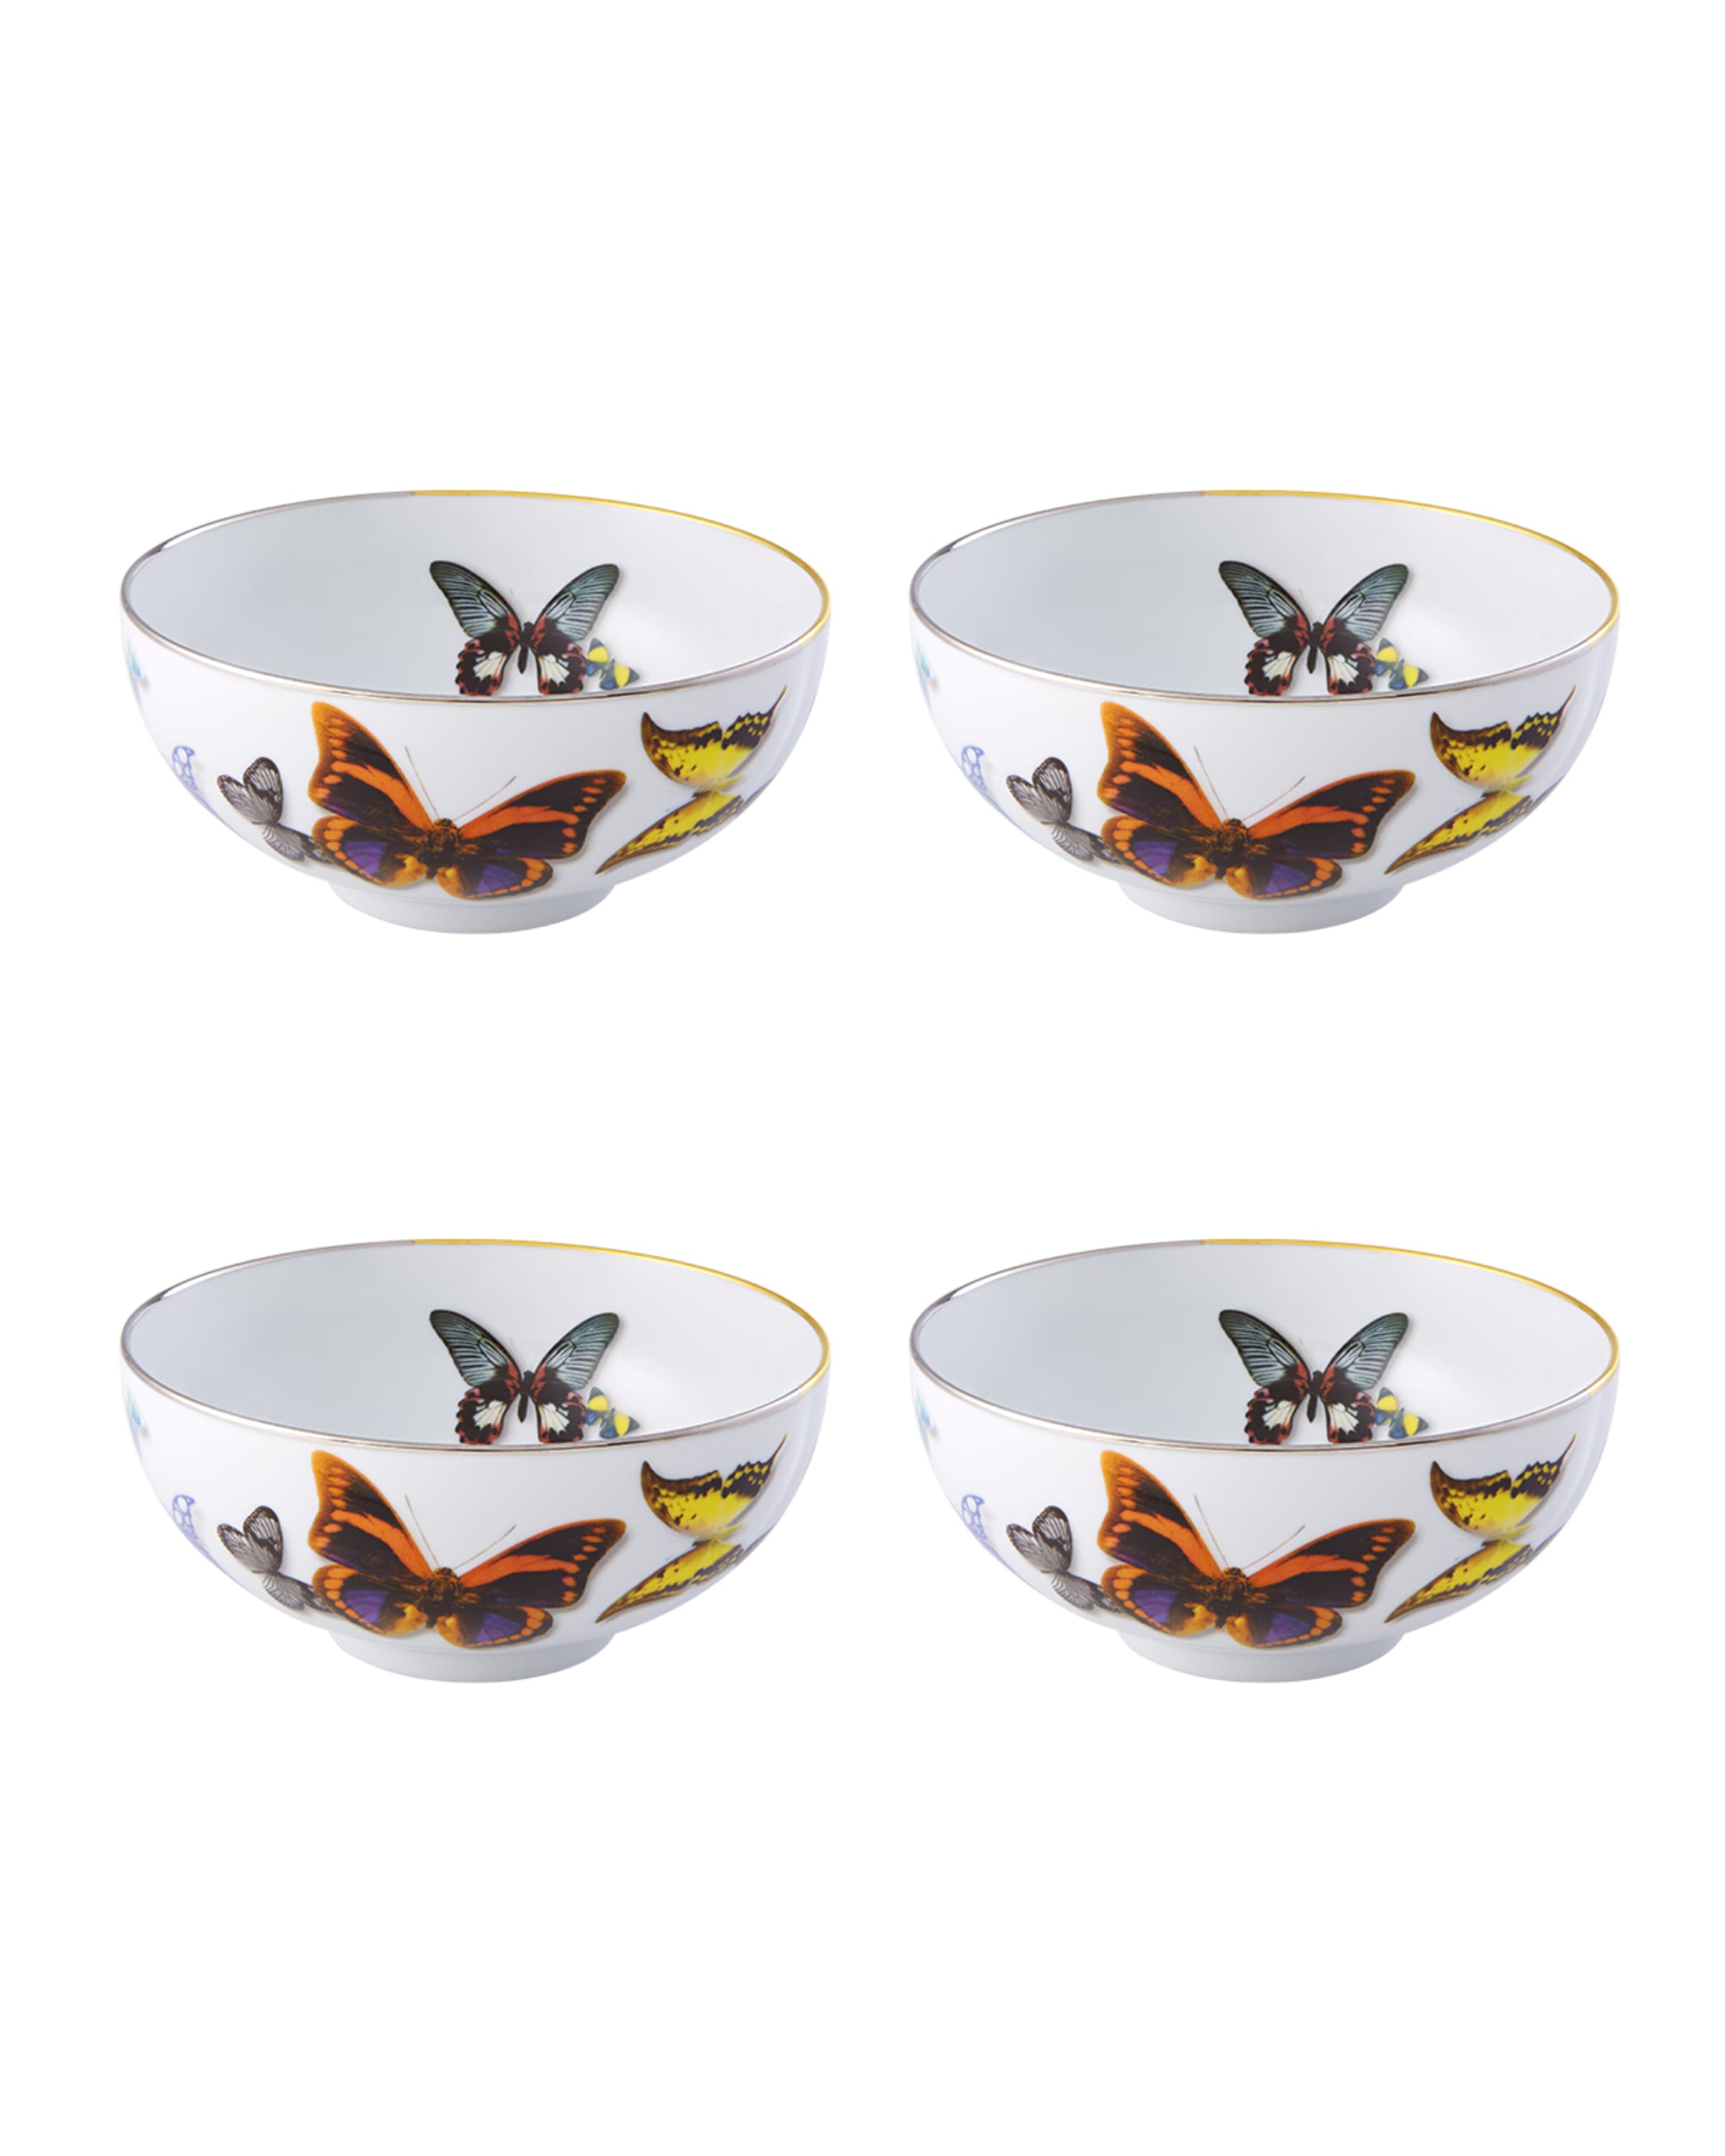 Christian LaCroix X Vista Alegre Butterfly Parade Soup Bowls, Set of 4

--

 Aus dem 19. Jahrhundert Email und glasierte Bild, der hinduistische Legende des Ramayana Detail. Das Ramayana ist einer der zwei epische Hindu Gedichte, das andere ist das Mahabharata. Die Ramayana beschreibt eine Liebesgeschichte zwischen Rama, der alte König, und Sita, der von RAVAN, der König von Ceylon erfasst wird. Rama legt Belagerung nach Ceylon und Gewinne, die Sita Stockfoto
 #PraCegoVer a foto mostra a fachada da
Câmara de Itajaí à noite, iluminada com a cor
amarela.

---

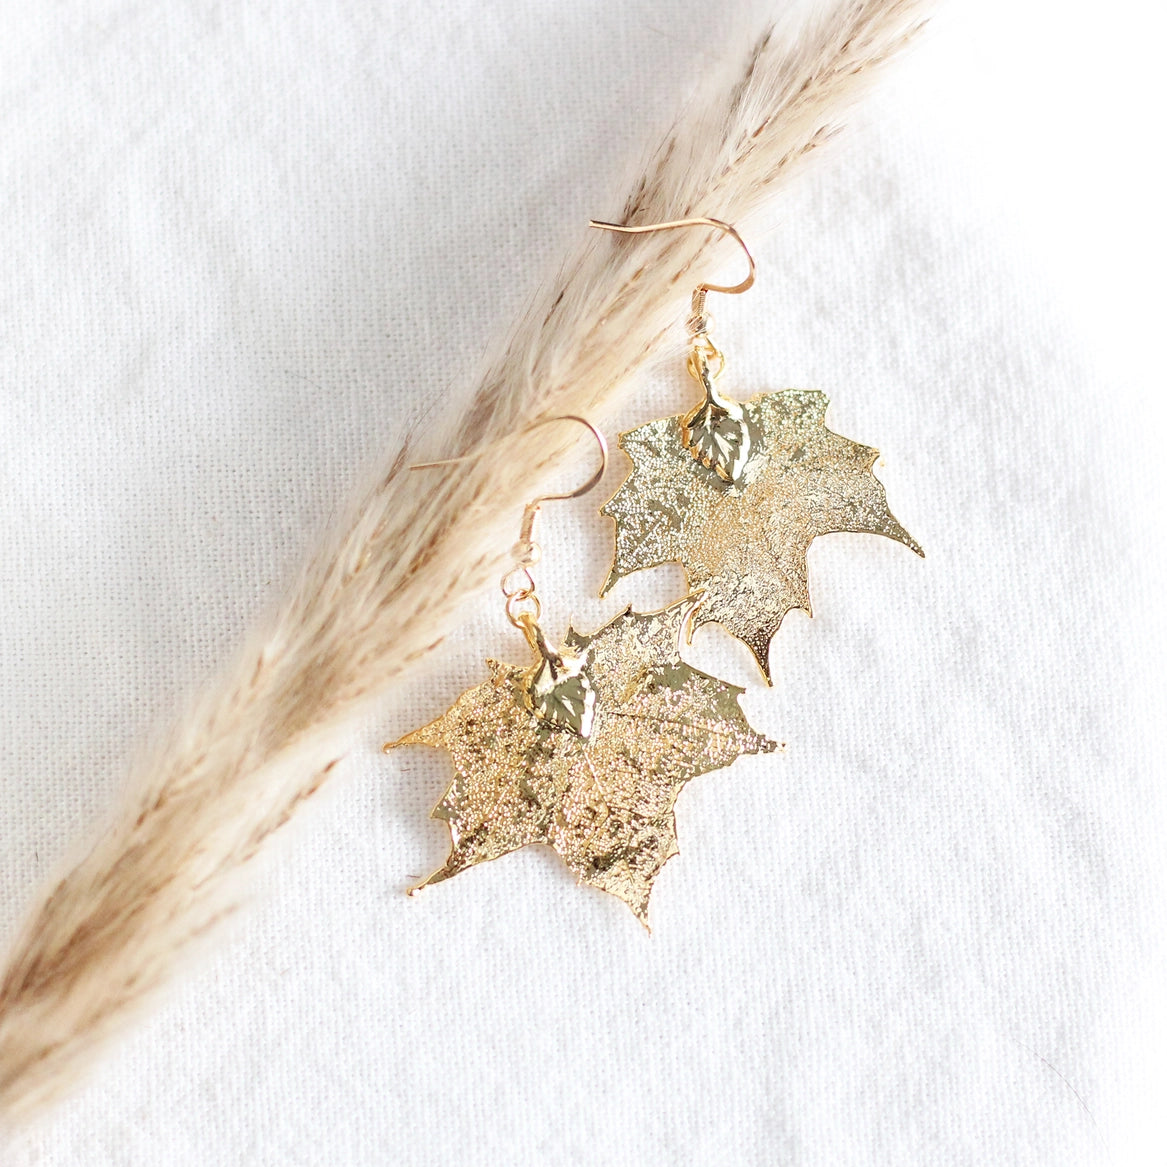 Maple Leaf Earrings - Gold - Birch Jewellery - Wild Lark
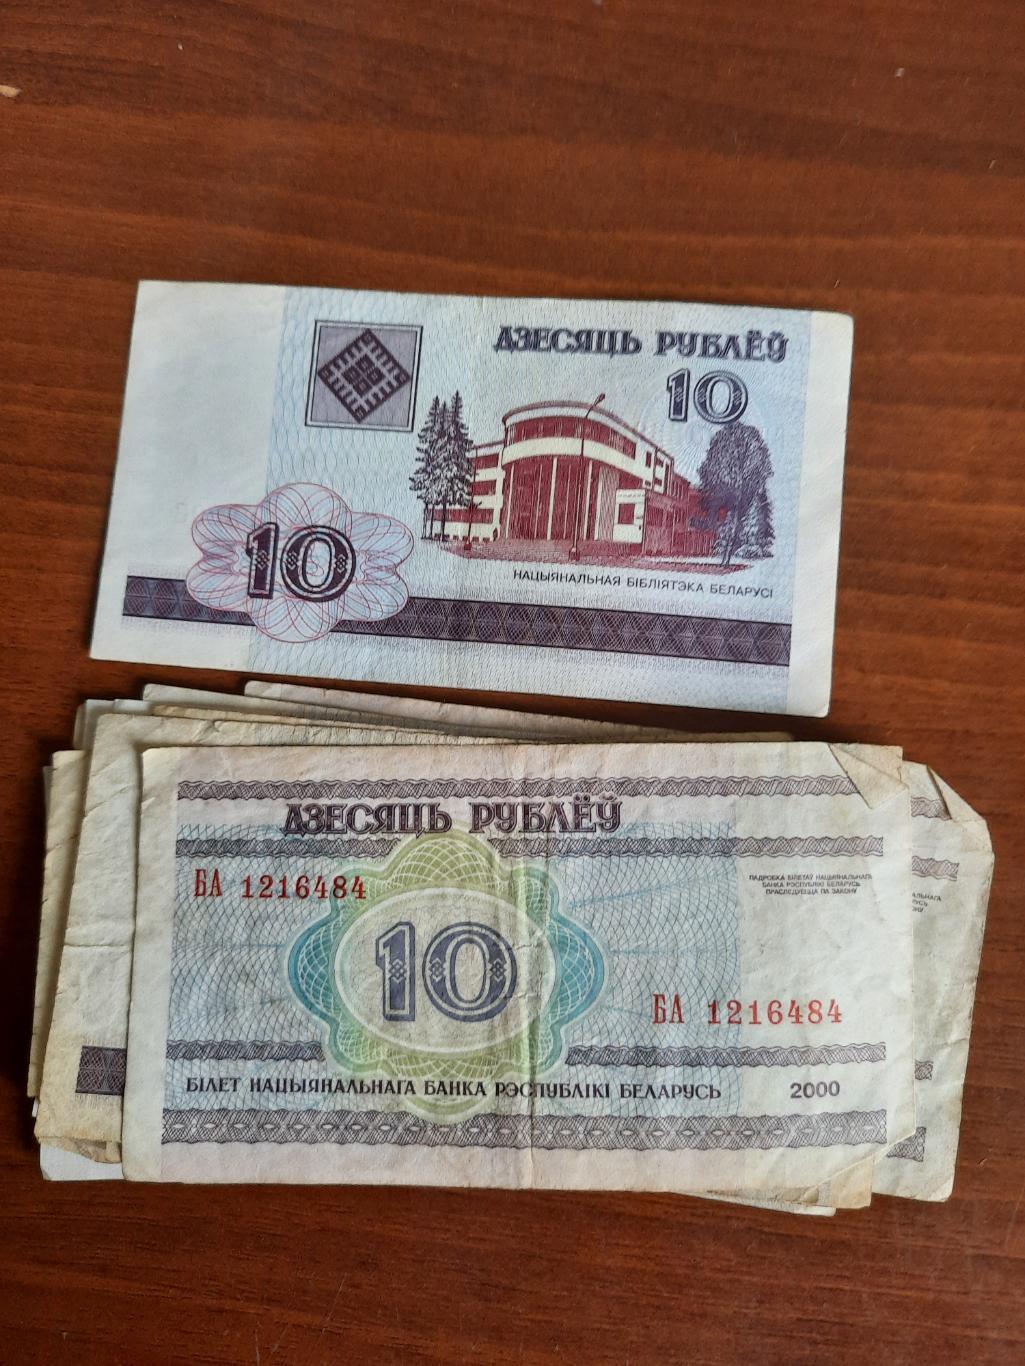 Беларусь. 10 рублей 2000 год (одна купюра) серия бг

**ABOUT THIS TASK**. Starting at the line that has "Aus dem 19." in the records above, restate word for word every line until the one that has "Câmara de Itajaí à noite, iluminada com a cor", and include that one as well.

**ANSWER BOX**.
 Aus dem 19. Jahrhundert Email und glasierte Bild, der hinduistische Legende des Ramayana Detail. Das Ramayana ist einer der zwei epische Hindu Gedichte, das andere ist das Mahabharata. Die Ramayana beschreibt eine Liebesgeschichte zwischen Rama, der alte König, und Sita, der von RAVAN, der König von Ceylon erfasst wird. Rama legt Belagerung nach Ceylon und Gewinne, die Sita Stockfoto
 #PraCegoVer a foto mostra a fachada da
Câmara de Itajaí à noite, iluminada com a cor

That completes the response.